With quote around the word issues because in reality, we mean the bad stuff.
In the essays I've read, 100% focus on issues that are negative, bad stuff ad infinitum, with finger-pointing most by women towards men, men doing what they shouldn't, men not-doing what they should, and a plethora or words like abuse, narcissism, addiction. The word that most threatens my digestion: "deserve." What I deserve., what I don't deserve. Aie!
(Exceptions that prove the rule were two writers expressing their views on the wonders and joys of a love relationship).
An old maxim is "you get what you focus on."
Although I have plenty to agree with in Matthew's piece, and much to add or subtract, my seven-plus decades on Earth in many and varied love relationships showed me that indeed, I got what I focused on. For a long time, with talk-therapy as god -- and who goes to therapy to talk about how wonderful their lives are? --I, too, went down the rabbit-hole of all that was wrong, especially with "him."
One day, with the man I never wanted to leave or lose, I changed my focus.
Praise, nothing but praise, in words, deeds and thoughts about him.
Pointing the finger at him always had three pointing back at me and the thumb towards heaven, so this is what I worked on: my own addictions, faults, limitations, and faith in the great mystery that carries us all.
Twenty years later the impossible relationship flourishes in friendship, love, acceptance and humor.
I am eager for this cyclical trend of "issues" to exhaust itself so that men and women can attend to real life in true love.
Thank You, Matthew.
Do you tell women she wouldn’t be beat up by her alcoholic partner if she just complimented him and praised him more? This puts more work on her just as she is drowning and trying to survive.

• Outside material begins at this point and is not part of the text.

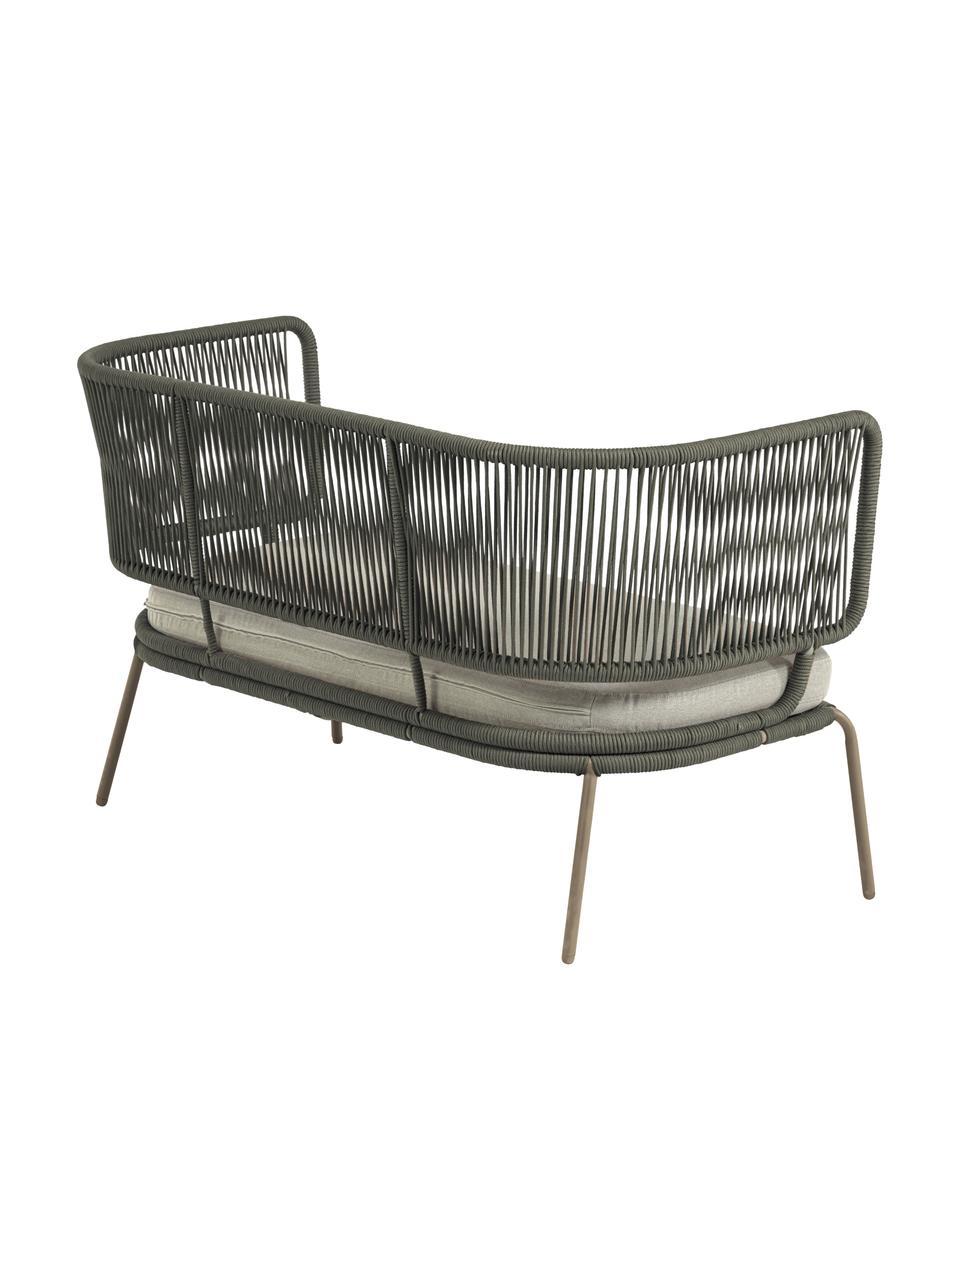 Tuin loungebank Nadin (2-zits), Frame: verzinkt metaal en gelakt, Bekleding: polyester, Groen, 135 x 65 cm

That’s equivalent to telling some literally drowning in swimming pool, “say please and ask nicely and I’ll give you the life preserver”. This women asking for advice doesn’t state how she is hurt...if her feelings are hurt or if she physically is but it doesn’t matter. This is ridiculous to suggest praise is the answer when someone is literally asking about sounds like abuse. JFC
I can’t let this go that abuse isn’t being highlighted in this question first and foremost and at center of this response. I just started listening to your podcast this week was hopeful you’d be a feminist male to listen around my home where I have 2 teen sons who (so far) state they’re heterosexual and are attracted to girls.
I suggest you reach out to Lundy Bancroft to understand more about this issue. There’s many IPV/DV advocates out there but I have a suspicion you’d mostly only hear men on this topic as a starting ground.